Lunch is usually a salad or something comparable, whatever I have time for. Just don’t think too much about it. Another snack, a lean cuisine for dinner (or a salad or soup), and a few sugar free candies thrown in throughout the day when I need something sweet. In case you’re wondering, I don’t hit the carbs very often. Think 80/20. Carbs and sugars only 20% of the time. Never after 3 pm.

Oh yeah, Diet Coke. Not everyday, but now and then. Or caffeine free Diet Dr. Pepper.

Part II – Salami Mind Power

Your brain has three parts (according to my sister Jenny). The first is our conscious brain, the second is our subconscious brain. You’ve all heard about the importance of using your conscious brain to tell your subconscious brain what you want it to hear, right? Like saying to yourself, “I am skinny and hot. I am a size seven. I am a zombie talking in front of the mirror like an idiot”.

The problem with this is that most people don’t access the third part of their brain: Mr. Emotion Man. If you don’t throw a real honest to goodness positive emotion into the equation, nothing happens. So, when I decided that I was tired of being periodically fat, I started to access this third chunk of brain power. I’ve been doing this for eight months now. How? I NEVER talk about how much weight I want to lose or how fat I am. I NEVER talk about my weight stalling. Heck, I try not to talk about my weight at all unless it’s to say something like, “Well, I just love it when I weigh 130 pounds, yep, I’m so happy there.” Then I change the subject. Or I say something like, “It’s so easy to be skinny, my body just wants to be 130, what can I do?” In fact, 130 is the only number I ever use in casual conversation.

While these phrases started out as figments of my conscious imagination, they have successfully worked and tricked my body into total body belief. December 3, 2007 I weighed 196 (the day before Junie came). This morning I was 132. Go ahead, tell me the Salami Diet doesn’t work.
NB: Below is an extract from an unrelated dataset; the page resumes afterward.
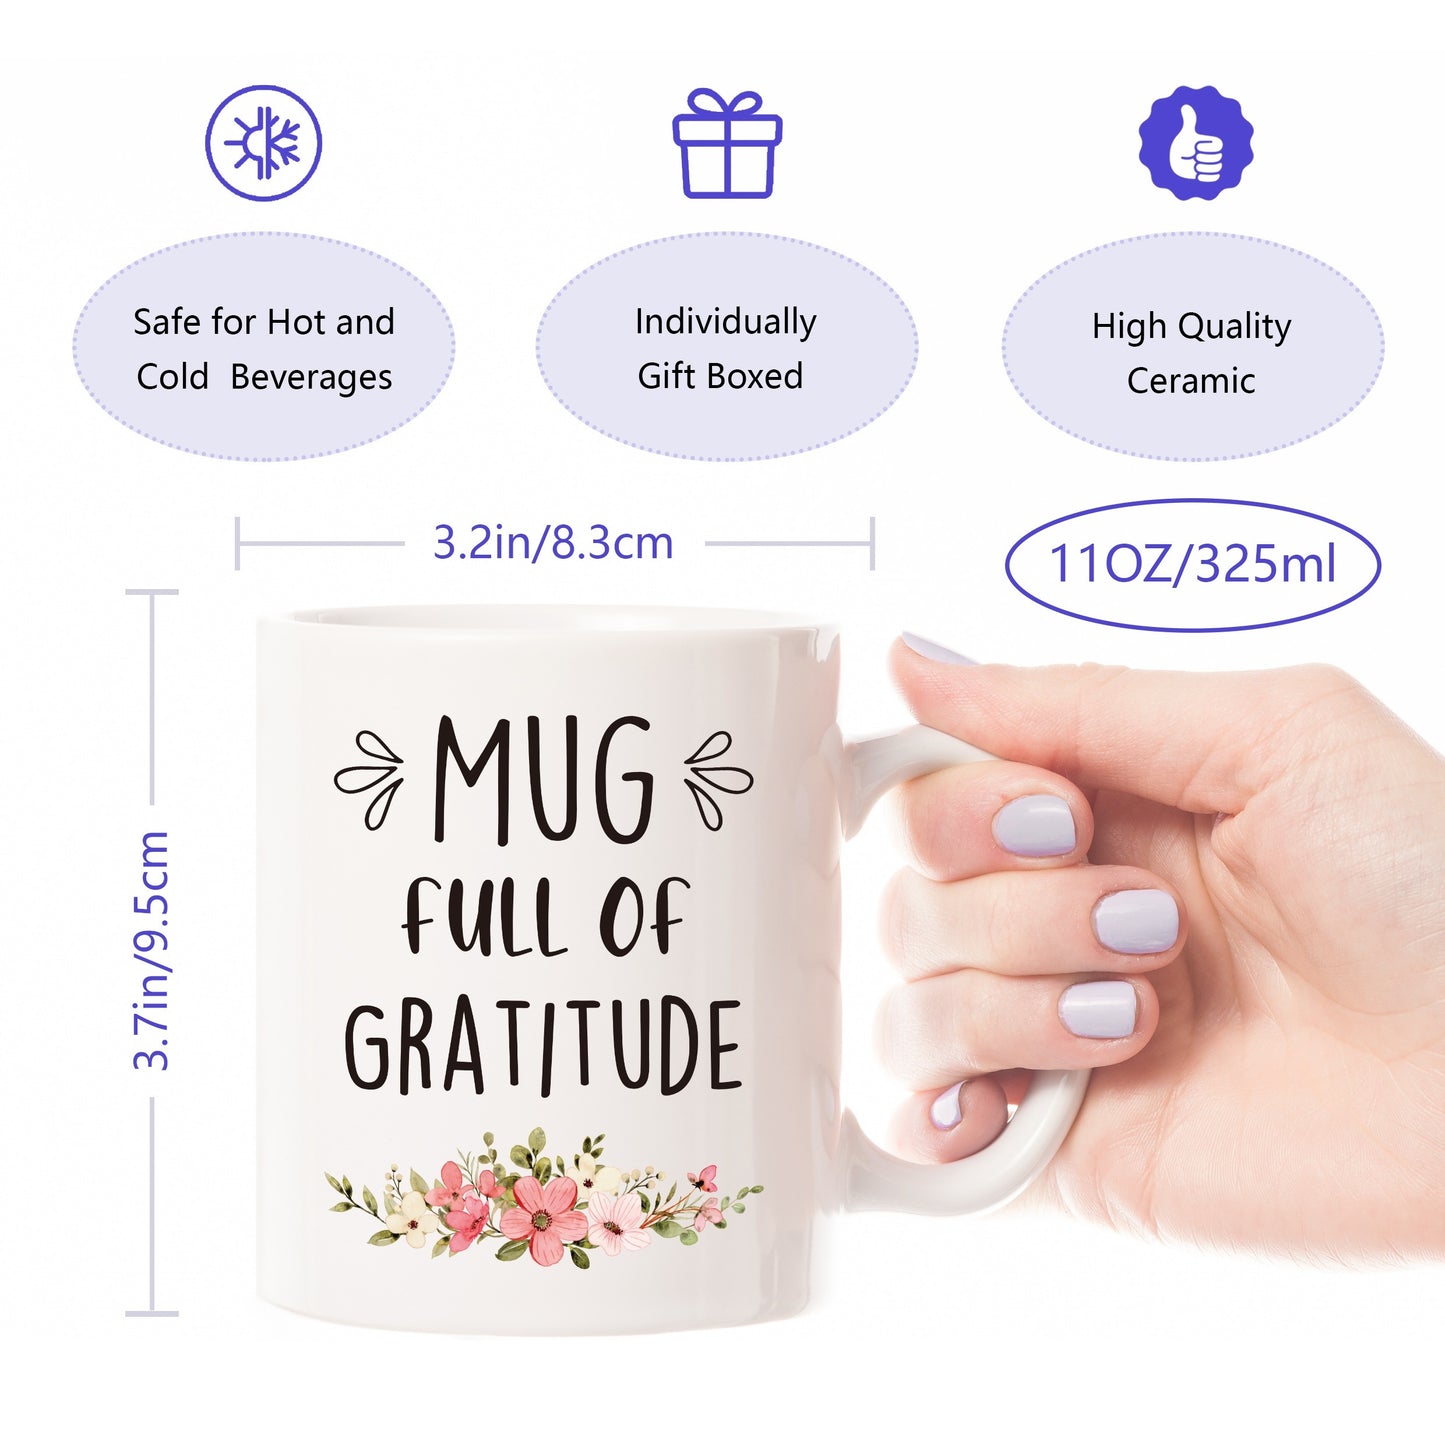 Mug Full Of Gratitude Christian White Ceramic Mug claimedbygoddesigns
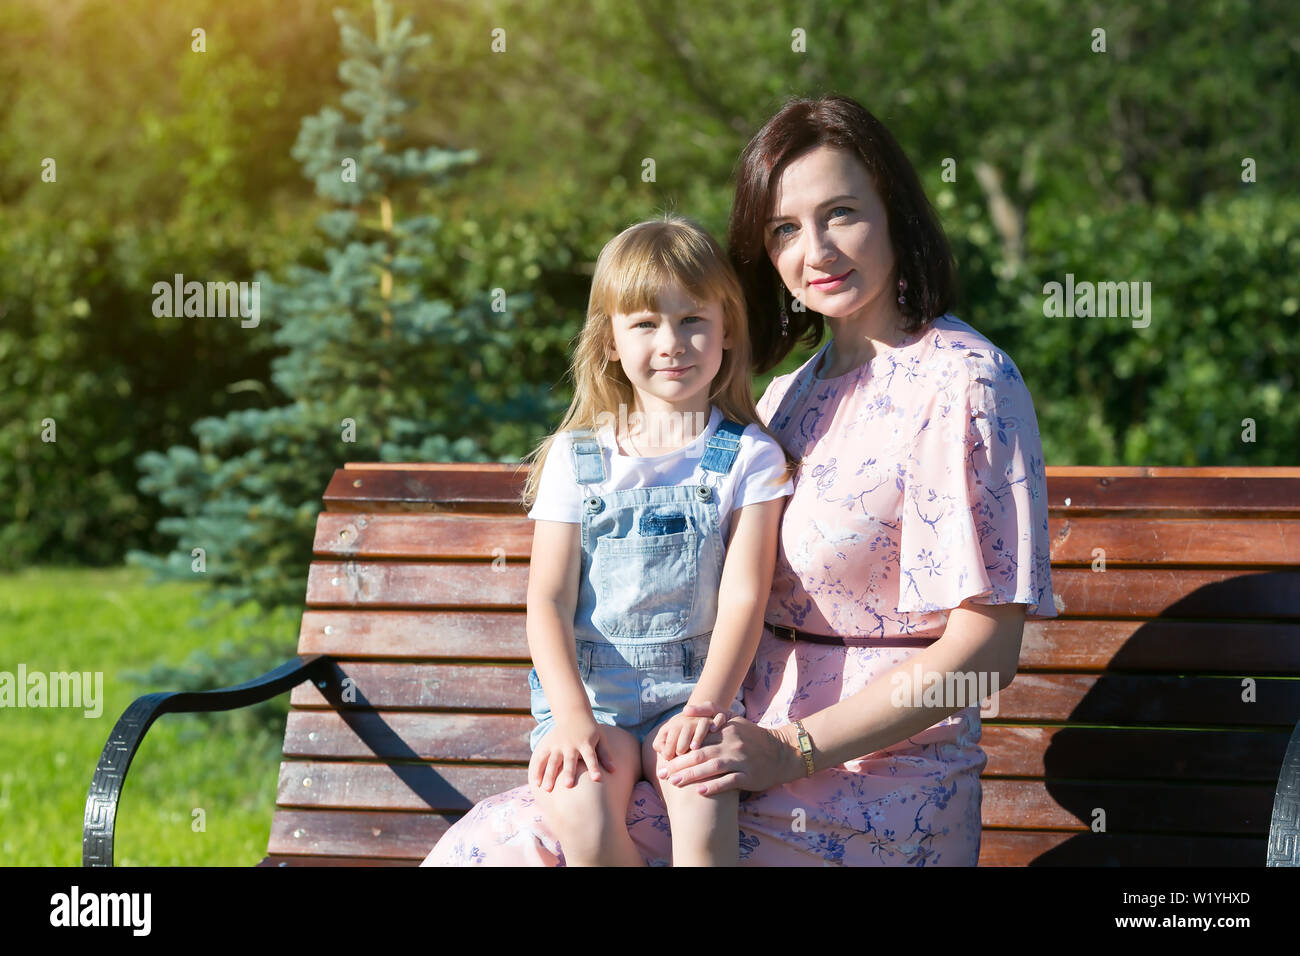 Junge Frau mit einem kleinen Mädchen auf einer Bank in einem Jahre Park Stockfoto

The last thing you have to know is this: You have to pretend you’re an actress. You must stop at every mirror in your house regularly and say out loud, “Man, I look so hot today! I can’t believe how skinny I’m getting!” Suck in, tuck your pelvis under (as my sister Koni would say) and stroll over to the fridge for some salami. Do this repeatedly all day.

In a few weeks you won’t have to do it anymore, your body will be a believer. Have a friend who doesn’t care that you call and brag about how skinny you are (thanks Tricia). Even if it isn’t true, you must attach that excitement to the words. The happy, joyful, I love my body excitement. Only then will your subconscious mind believe.

And then you’ll get skinny.

And that, my friends, is the Salami Way of Thinking.